Archers feels like it lacks a true center, or a solid ground for the listener to firmly plant themselves upon, and as such, there’s a good chance that a lot of this material will simply fly right over your head.  But if some patience is given and if you can go into this listen with a little bit of an adventurous spirit,  it’s quite satisfying how much of Archers hits dead center after the record is given time to digest.   The title-track is incredible, with bass notes that drop like warheads and a spidery, thrilling chorus line.  “A Hatchet, A Hatchet” burns with an urgent fervor in the verses, until it falls into a silken chorus and bridge reminiscent of the JE classic “The North Sea.”  There are three instrumentals on the record, and all of them fit perfectly, providing some of the record’s most beautiful and chilling sounds.  They’re a major step up in consistency compared to many of Joy Electric’s past instrumentals, which sometimes bordered on frustrating pointlessness.  

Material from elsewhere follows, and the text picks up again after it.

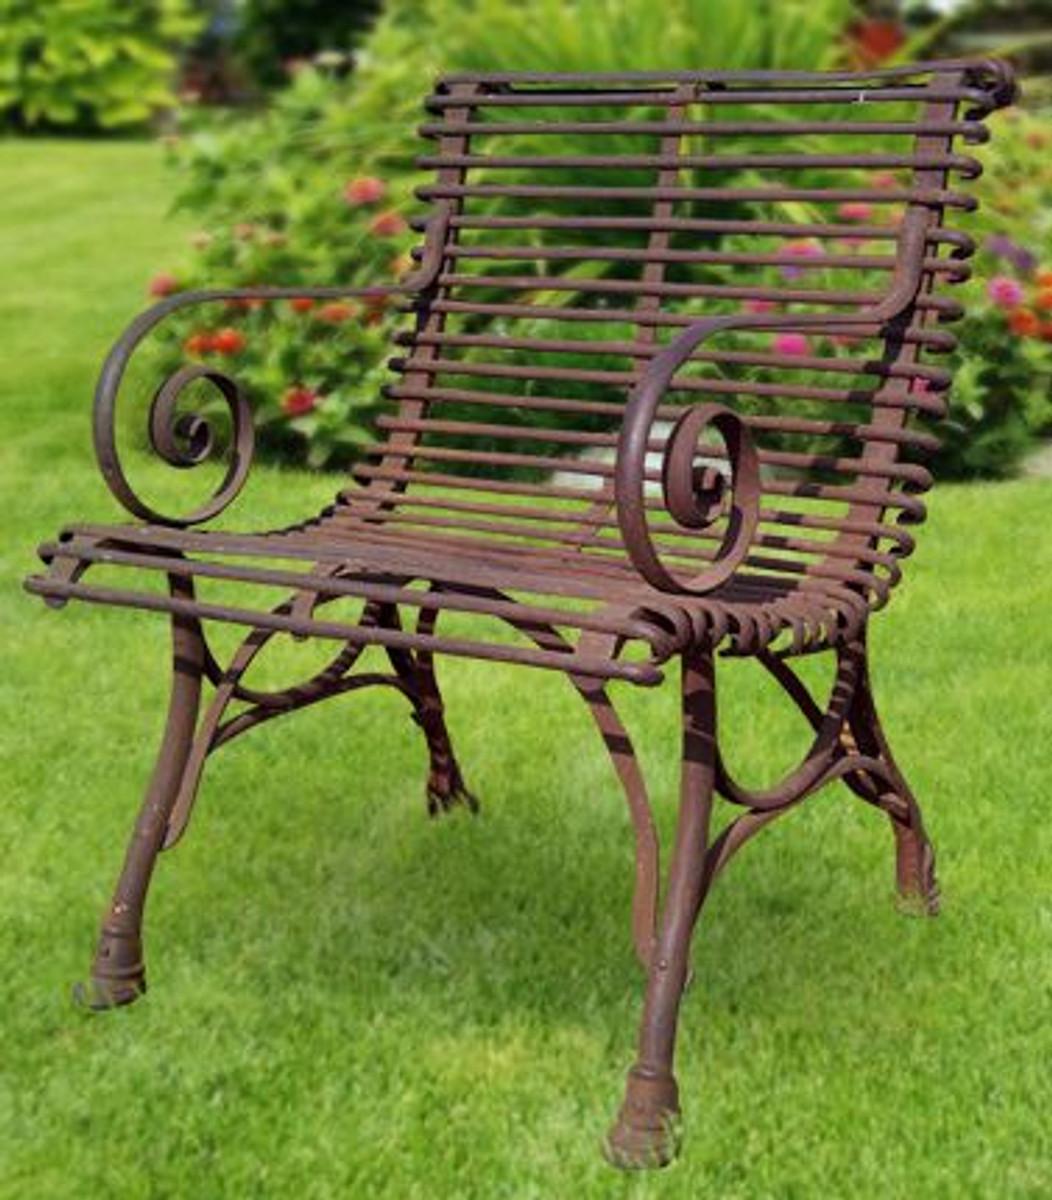 Casa Padrino Gartenstuhl aus Schmiedeeisen - verschiedene Farben - 65 cm x 60 cm - Luxus Gartenmöbel 3

The archer alluded to in the lyrical themes could either be the lost and lifeless individual sung about throughout the recording, or it could be Satan himself- “you among the league of militants/ how little you have learned/ tried but failed to be one of the innocents/ little left of yourself/ oh no, the most terrible archer…”  The point of Archers seems to be a cry for escape--to find refuge and safety from the prowling, devouring lion, and to be careful not to become one ourselves.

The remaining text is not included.